**Dataset content:**
Start of Block

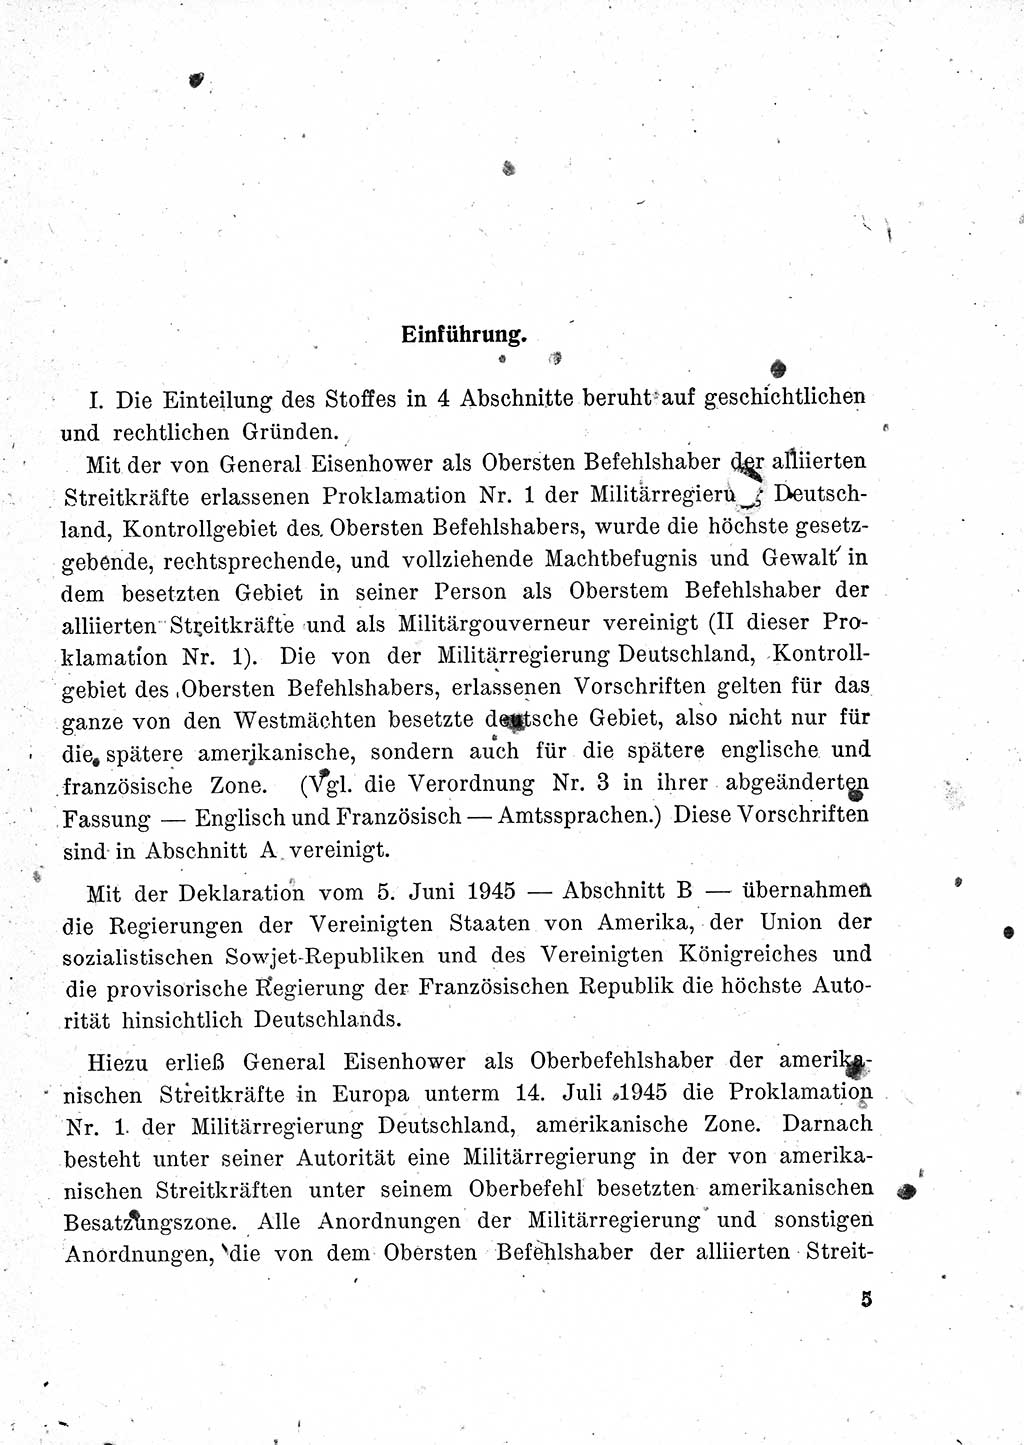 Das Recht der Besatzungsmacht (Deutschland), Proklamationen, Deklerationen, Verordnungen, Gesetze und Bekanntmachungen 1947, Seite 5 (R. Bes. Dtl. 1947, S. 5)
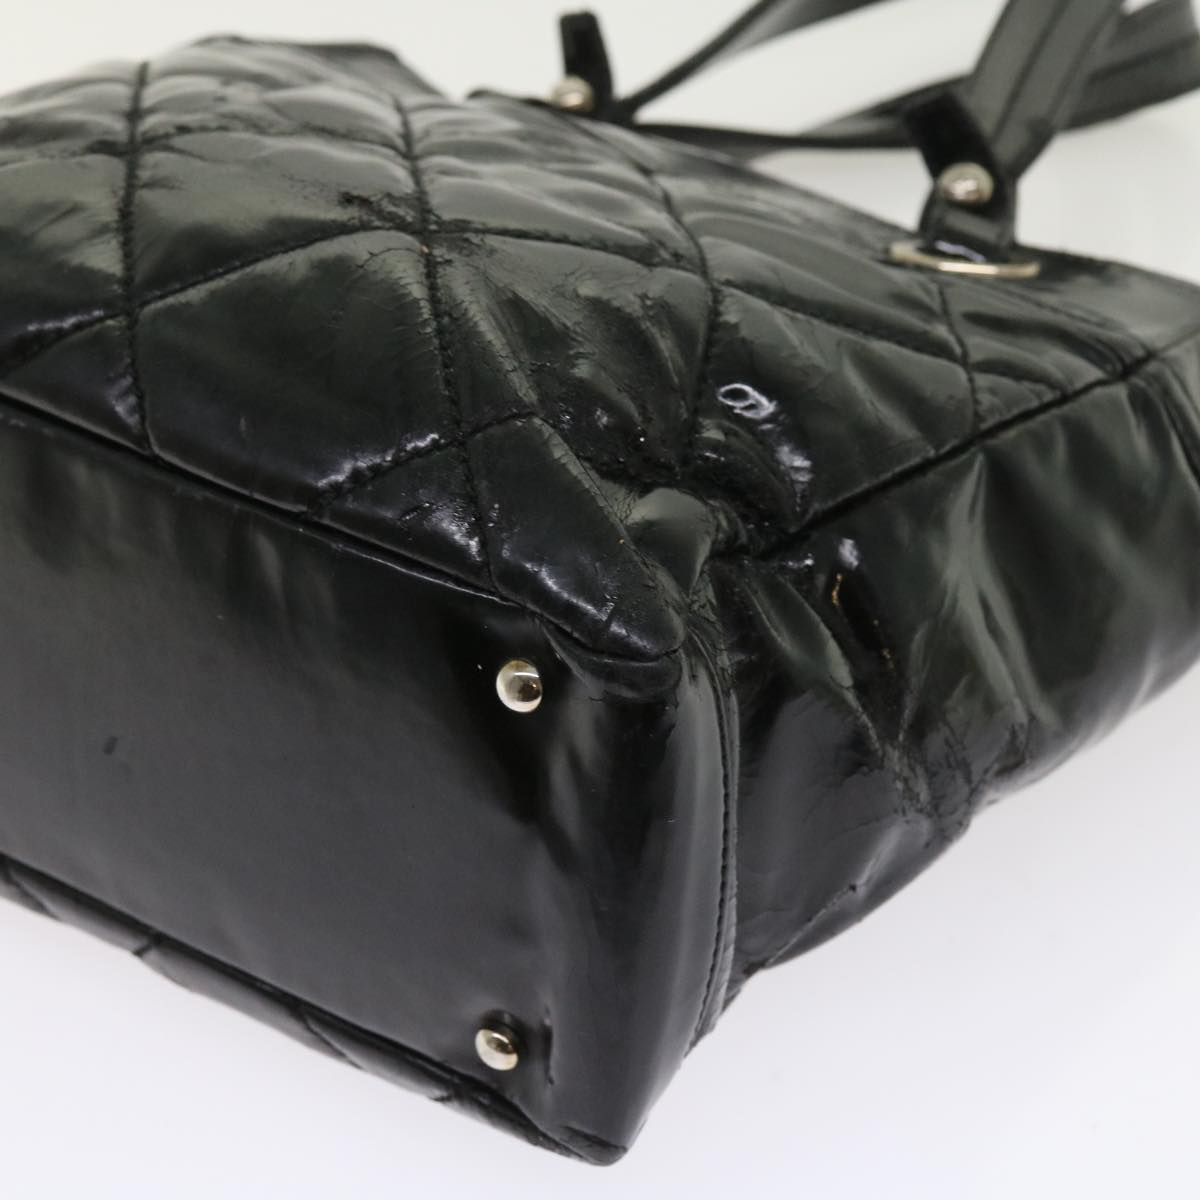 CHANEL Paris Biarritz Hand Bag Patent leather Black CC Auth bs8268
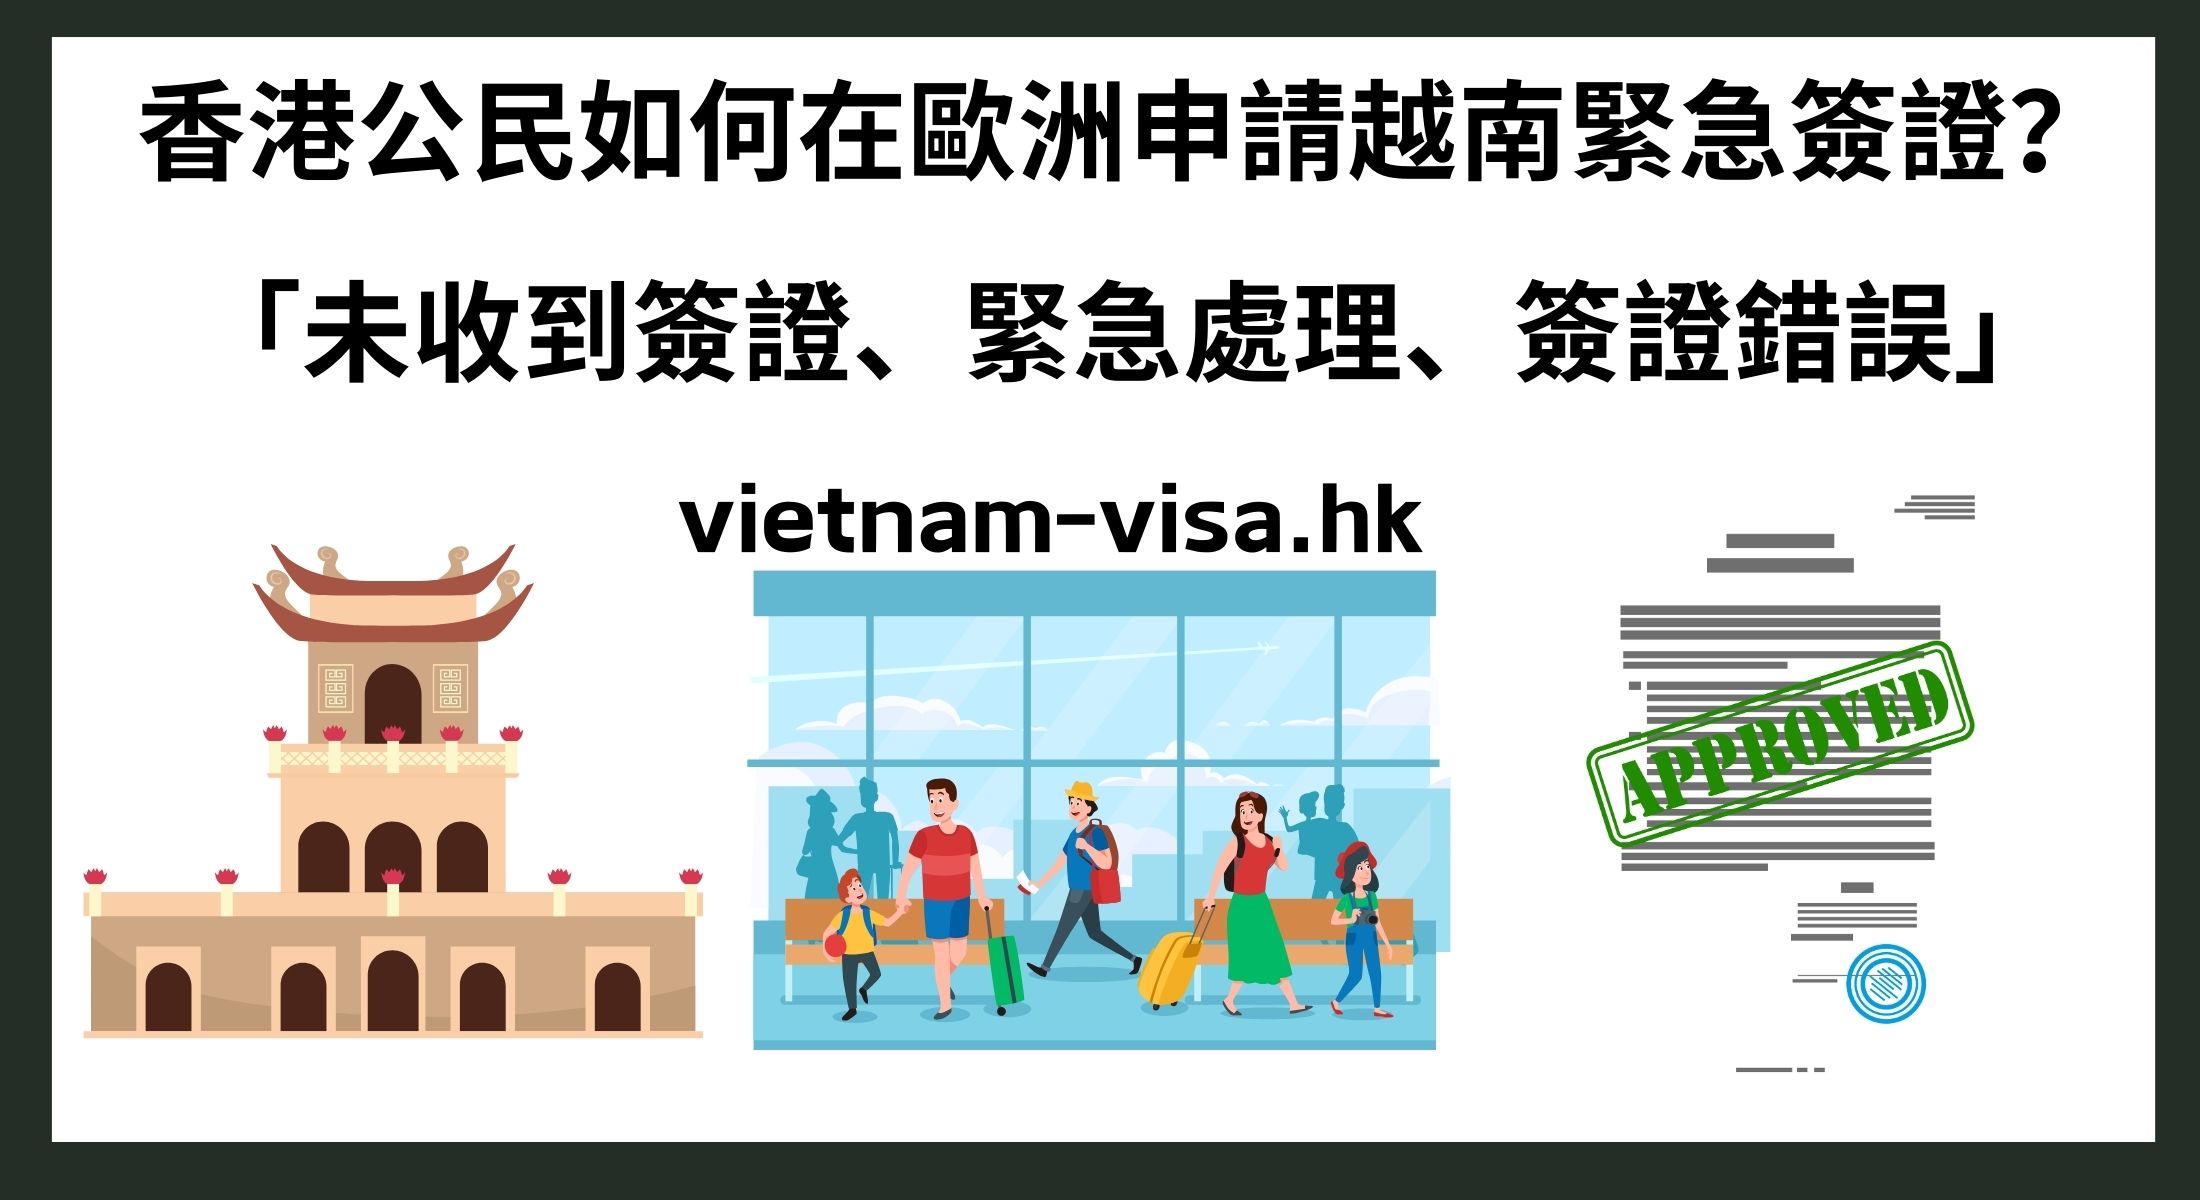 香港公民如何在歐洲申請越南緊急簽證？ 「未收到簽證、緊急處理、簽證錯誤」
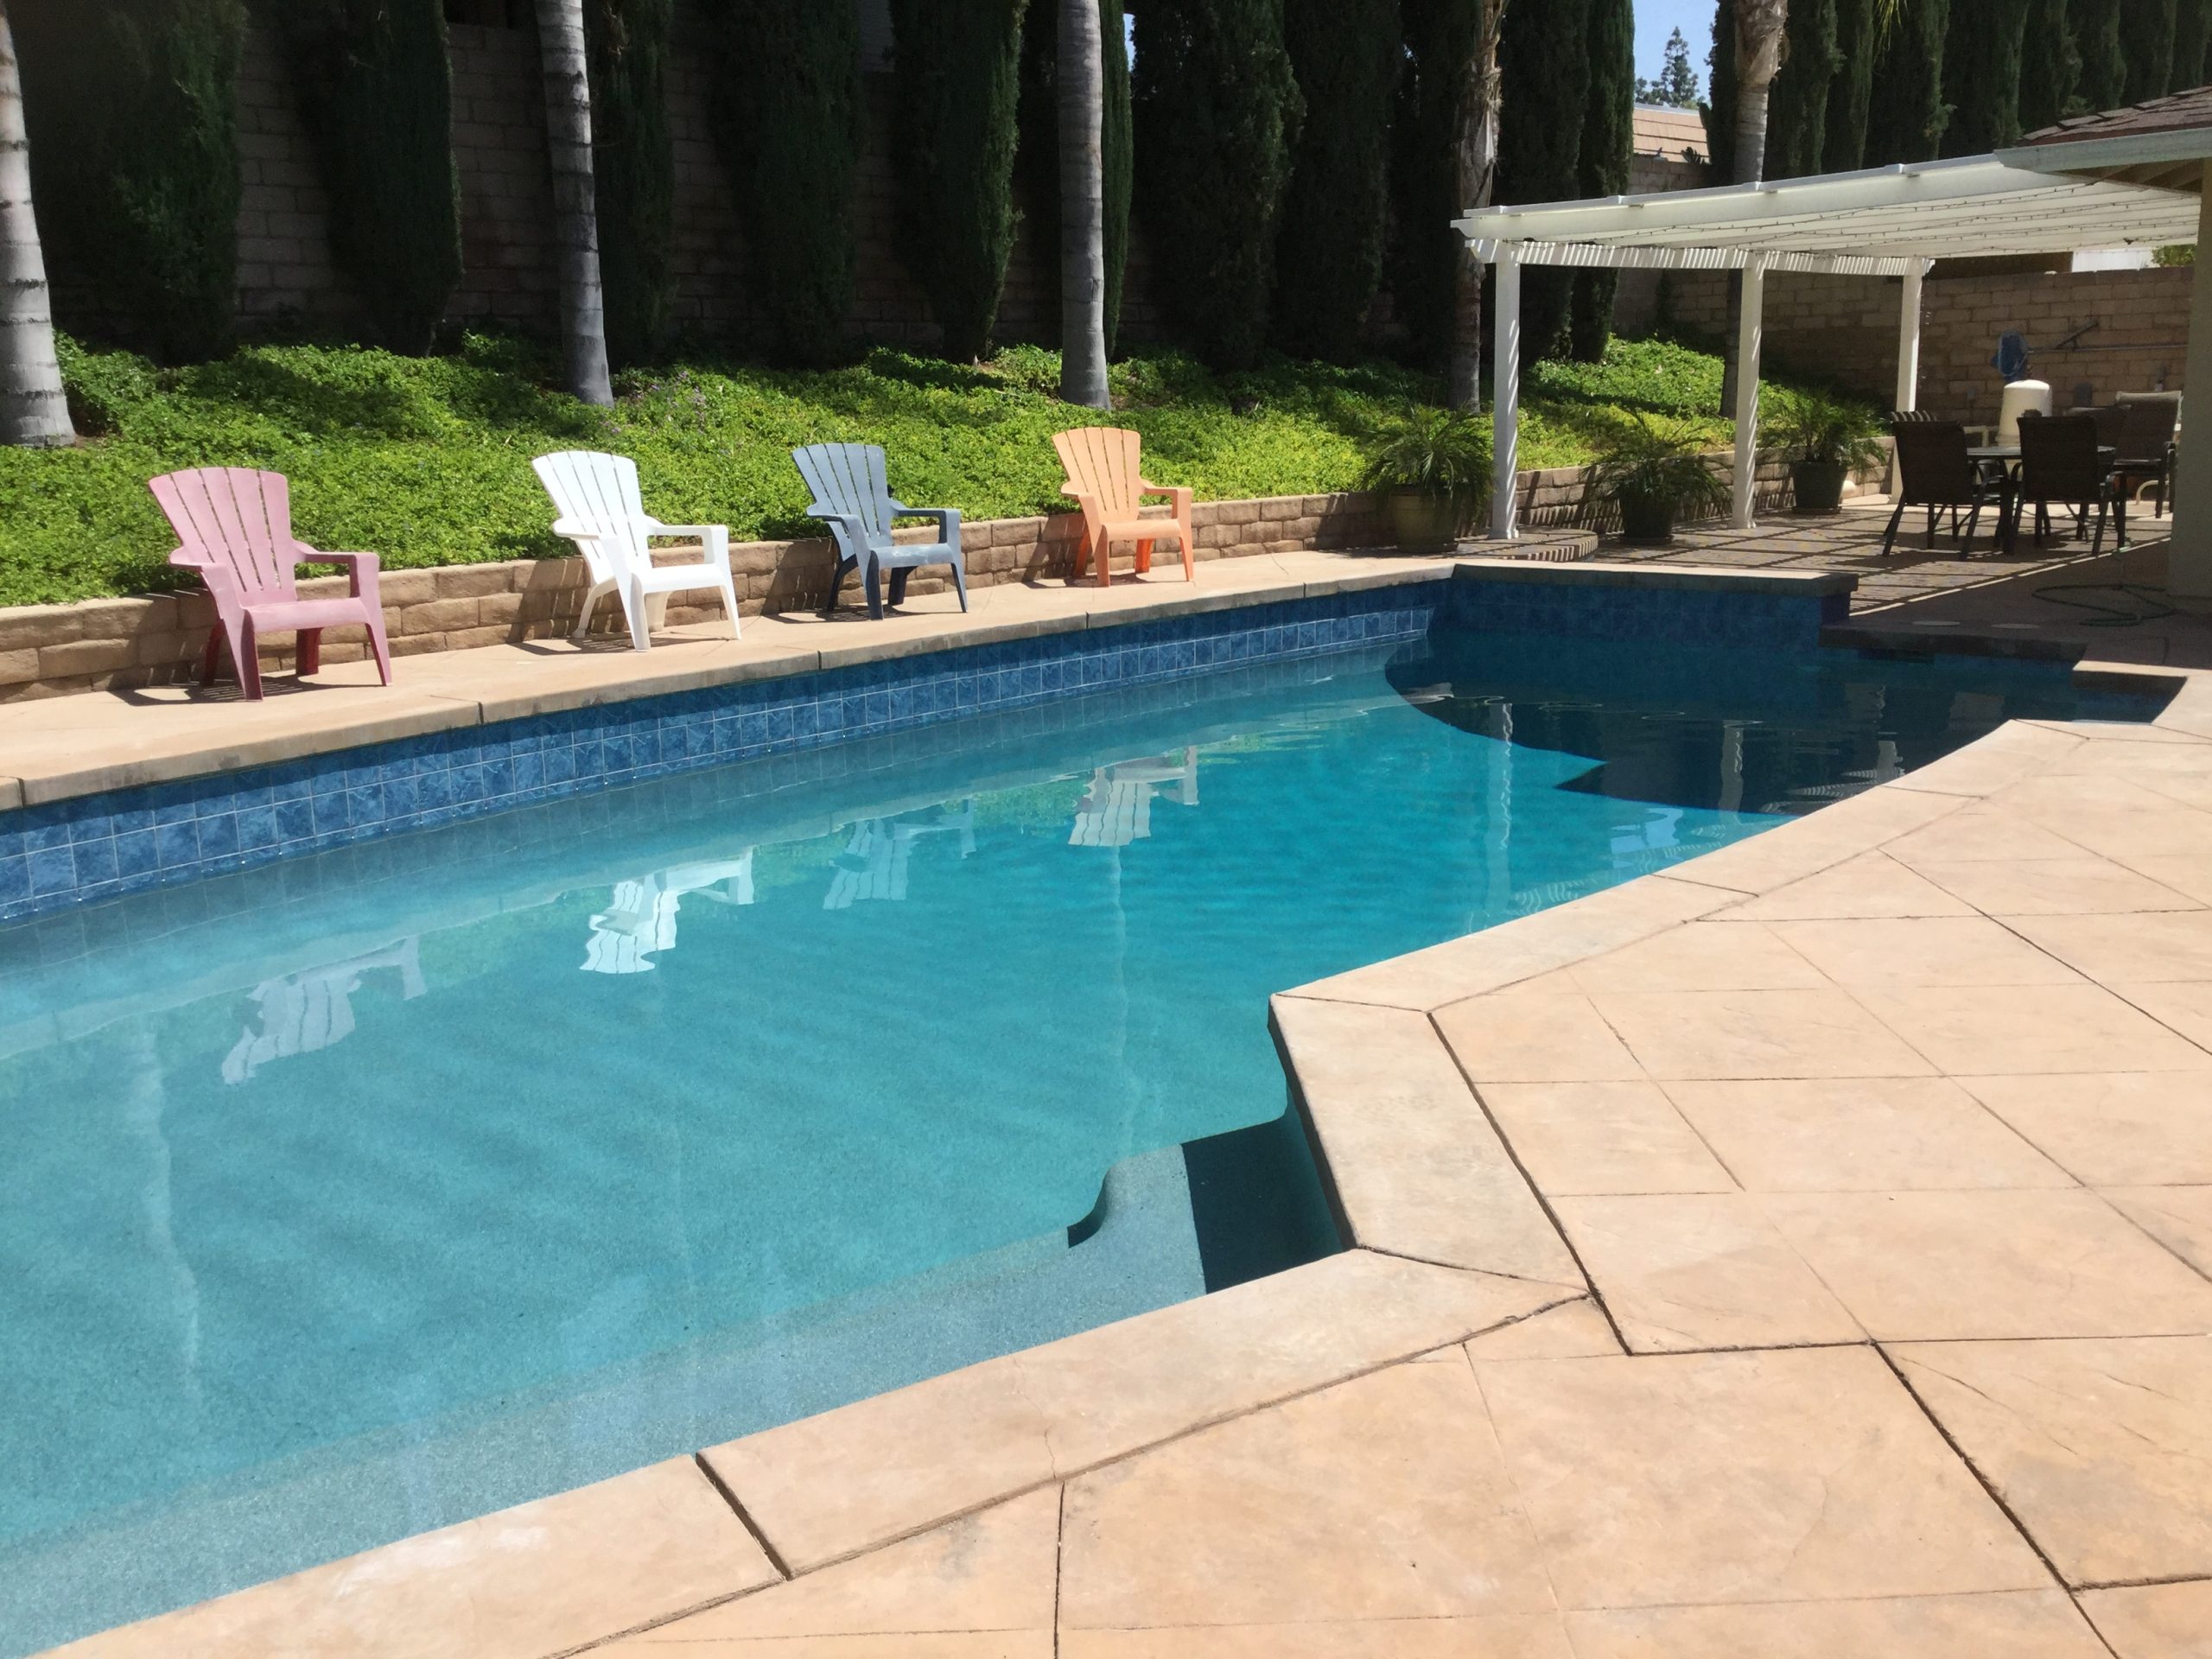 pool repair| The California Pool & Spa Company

End of Block

**Aim of the exercise:** From the first line to the last, repeat the data above exactly and leave the pictures out.

**Result:**
 Das Recht der Besatzungsmacht (Deutschland), Proklamationen, Deklerationen, Verordnungen, Gesetze und Bekanntmachungen 1947, Seite 5 (R. Bes. Dtl. 1947, S. 5)
 CHANEL Paris Biarritz Hand Bag Patent leather Black CC Auth bs8268
 香港公民如何在歐洲申請越南緊急簽證？ 「未收到簽證、緊急處理、簽證錯誤」
 pool repair| The California Pool & Spa Company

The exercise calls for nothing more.